Nothing but text lines should be duplicated: start with the first line of the listing below and stop after the line holding "Poulan 185491, 954569707", omitting pictures.

§ **GIVEN INFORMATION**
━━━━━━
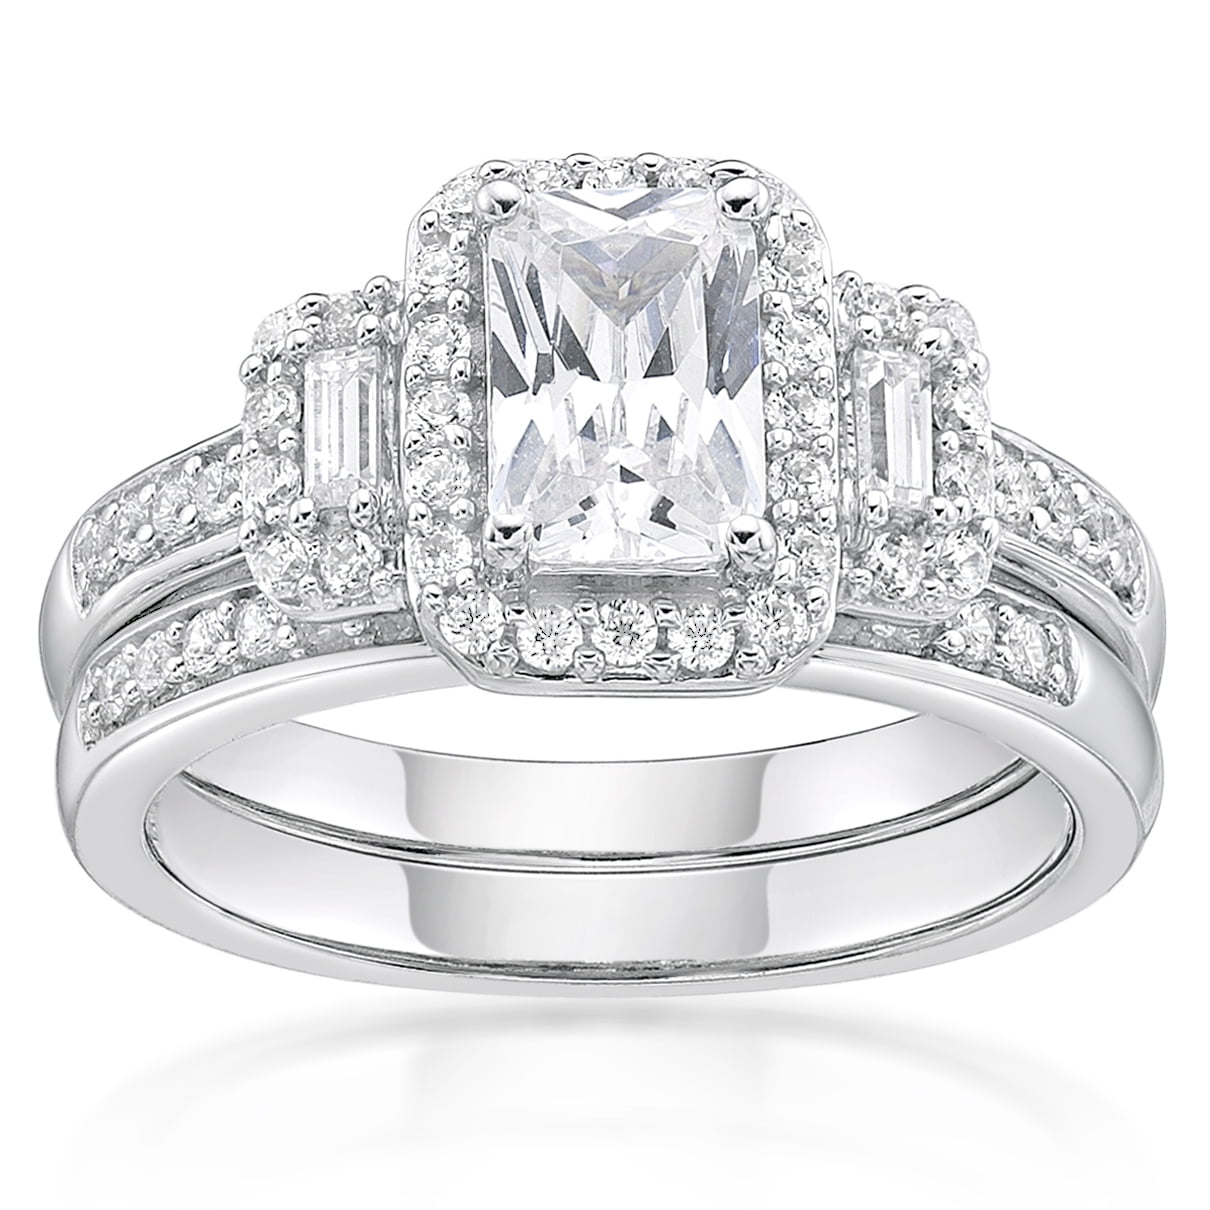 Details about   4.50 Ct Emerald Cut 3 Stone Diamond Wedding Engagement Ring 925 Sterling Silver 
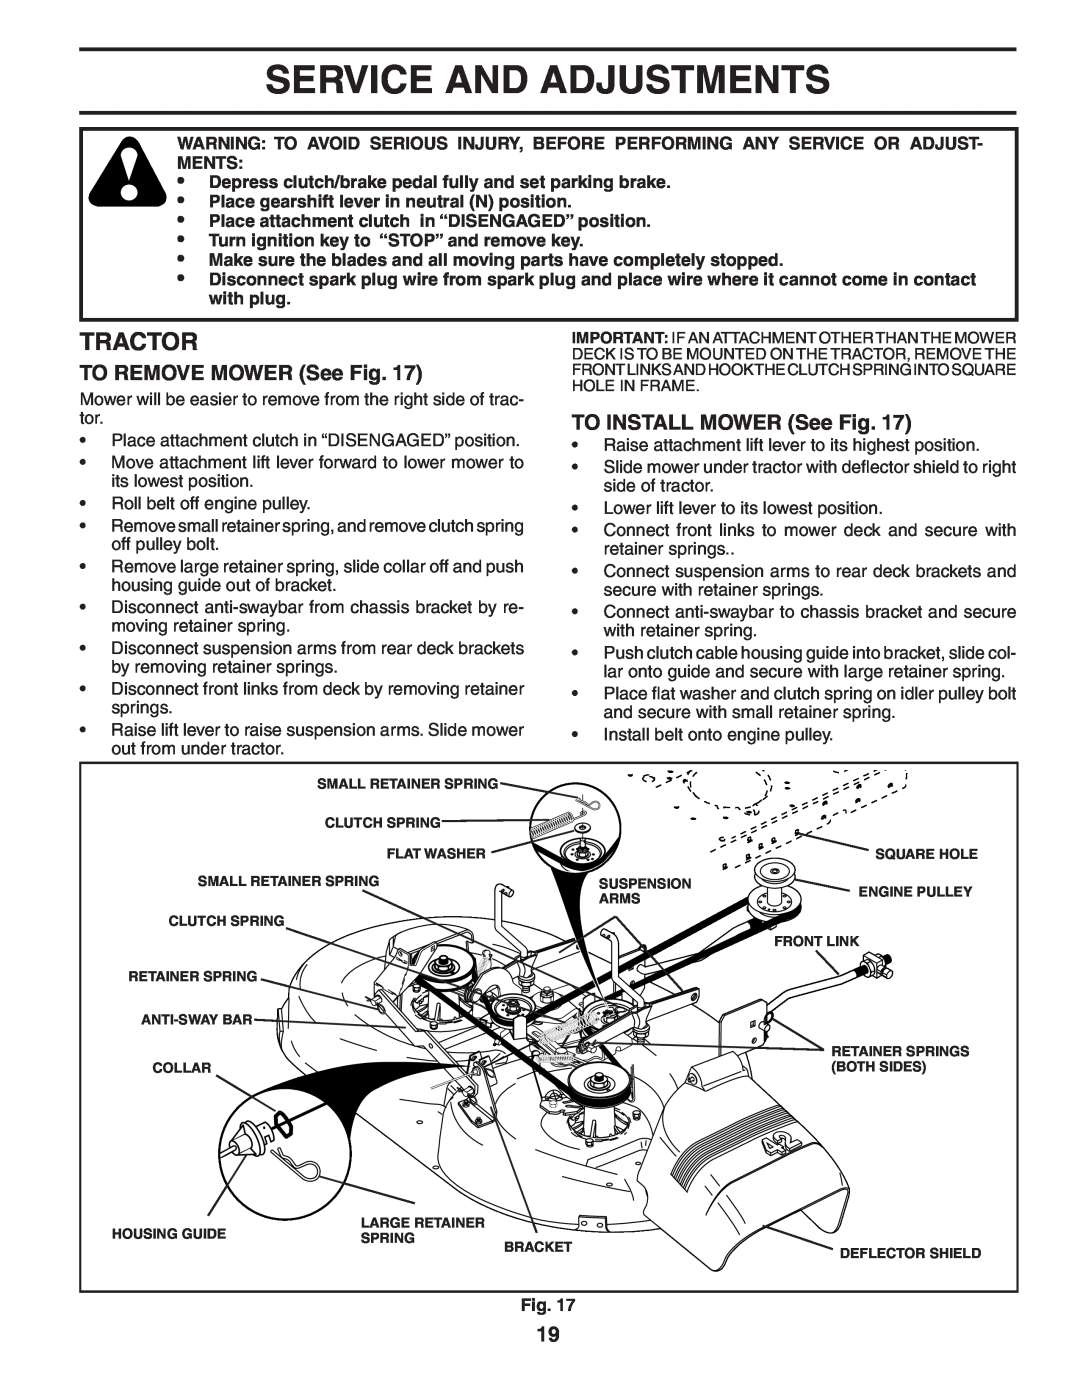 Poulan 185491, 954569707 owner manual Service And Adjustments, TO REMOVE MOWER See Fig, TO INSTALL MOWER See Fig, Tractor 
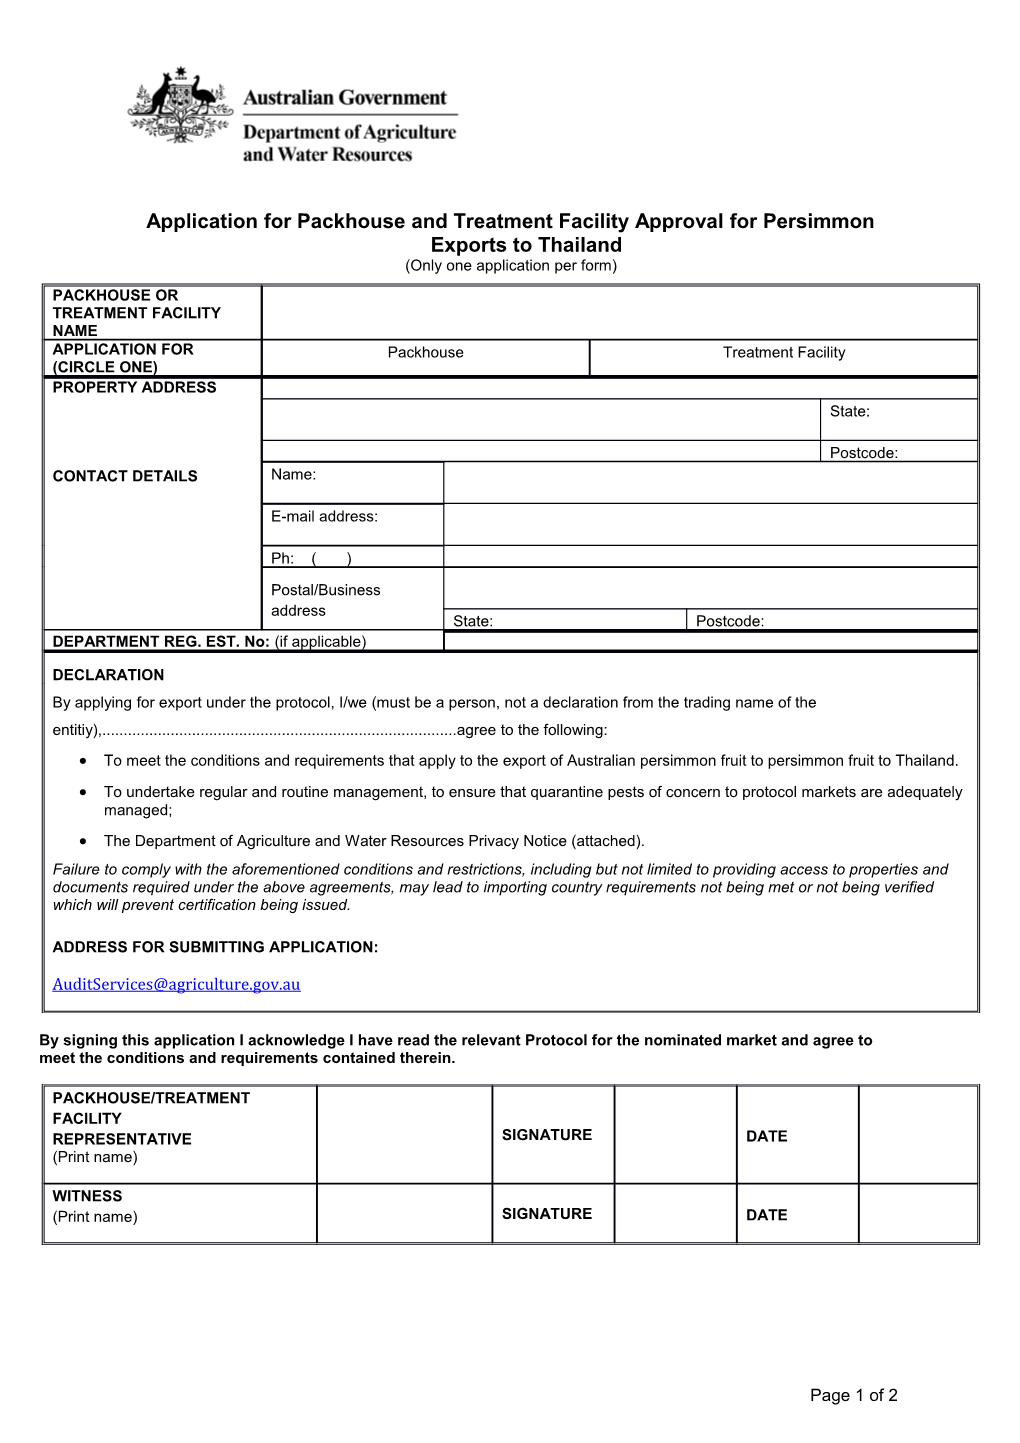 Application for Packhouse and Treatment Facility Approval for Persimmon Exports to Thailand
━━━━━━
§ **ANSWER SPACE**
 Details about   4.50 Ct Emerald Cut 3 Stone Diamond Wedding Engagement Ring 925 Sterling Silver 
 Poulan 185491, 954569707 owner manual Service And Adjustments, TO REMOVE MOWER See Fig, TO INSTALL MOWER See Fig, Tractor 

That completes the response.